Fat Cat Day sees top CEOs make a full-time employee’s yearly wage

Combining resources on a review of corporate governance, the Chartered Institute of Personnel and Development (CIPD) and High Pay Centre found that in just three working days, the CEO elite have earned what staff make in a year. This is despite their median pay having fallen by a fifth in 2017.

The CEO to full-time worker pay ratio stands at 120:1, High Pay Centre director Stefan Stern explained, highlighting that there were still “grossly excessive and unjustifiable gaps” to be found in the UK.

The results come off the back of a series of corporate governance reforms outlined in 2017, which intended to rebuild public trust and increase accountability in business.
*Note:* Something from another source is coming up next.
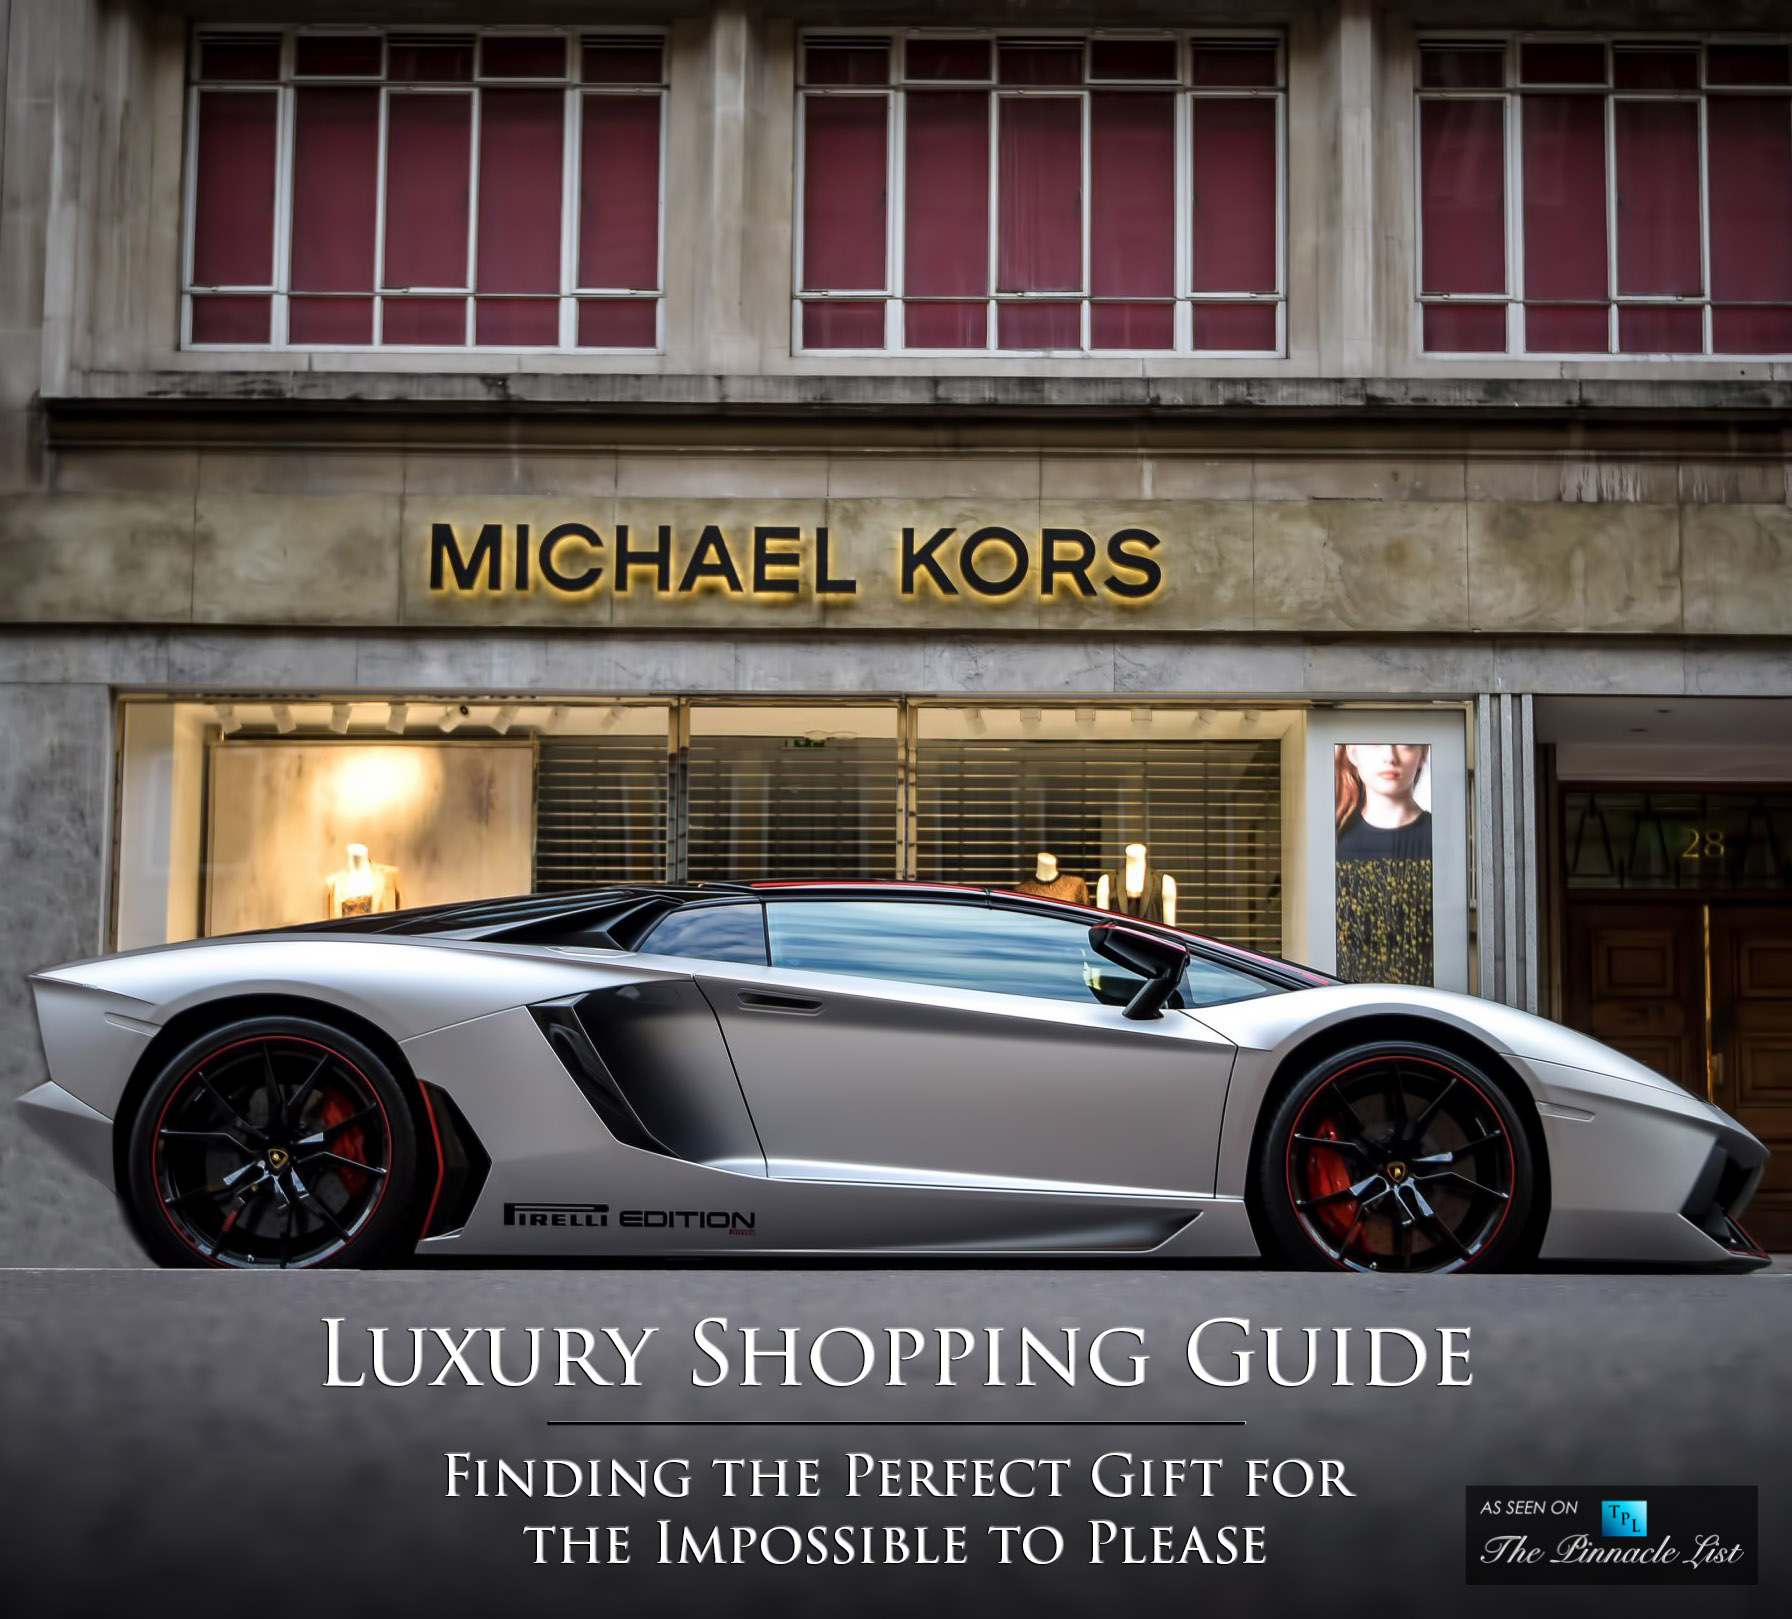 Luxury Shopping Guide – Finding the Perfect Gift for the Impossible to Please

Among them was the requirement for listed companies to publish and justify the pay ratios between CEOs and workers by June 2018.

“A public register for listed companies where a fifth of investors have objected to executive annual pay packages will also be created,” the government said. “This scheme will be set up in the autumn and overseen by the Investment Association.”

Given how quickly Fat Cat Day reared its head in 2018, the government will have to keep the reforms high on the agenda, CIPD CEO Peter Cheese said.

He added: “There needs to be a radical rethink of how and why we reward CEOs, taking into account a much more balanced scorecard of success beyond financial outcomes and looking more broadly at areas like people management.”

On the other hand, the Adam Smith Institute’s head of research, Sam Dumitriu, painted Fat Cat Day as an unnecessary worry in the fact that CEOs should be paid more than staff regarding the importance of their decisions and overall impact on the company.

“It would be shocking if they were not extremely well paid,” Dumitriu told the BBC. “The High Pay Centre are wrong to link high pay at the top with low pay at the bottom. Poorly performing CEOs are bad for shareholders, but worse for workers.

“Politicians should be careful. Bashing CEO pay may sound good on the stump, but if British businesses lose out on top talent to the US and Europe, British workers and savers will pay the price.”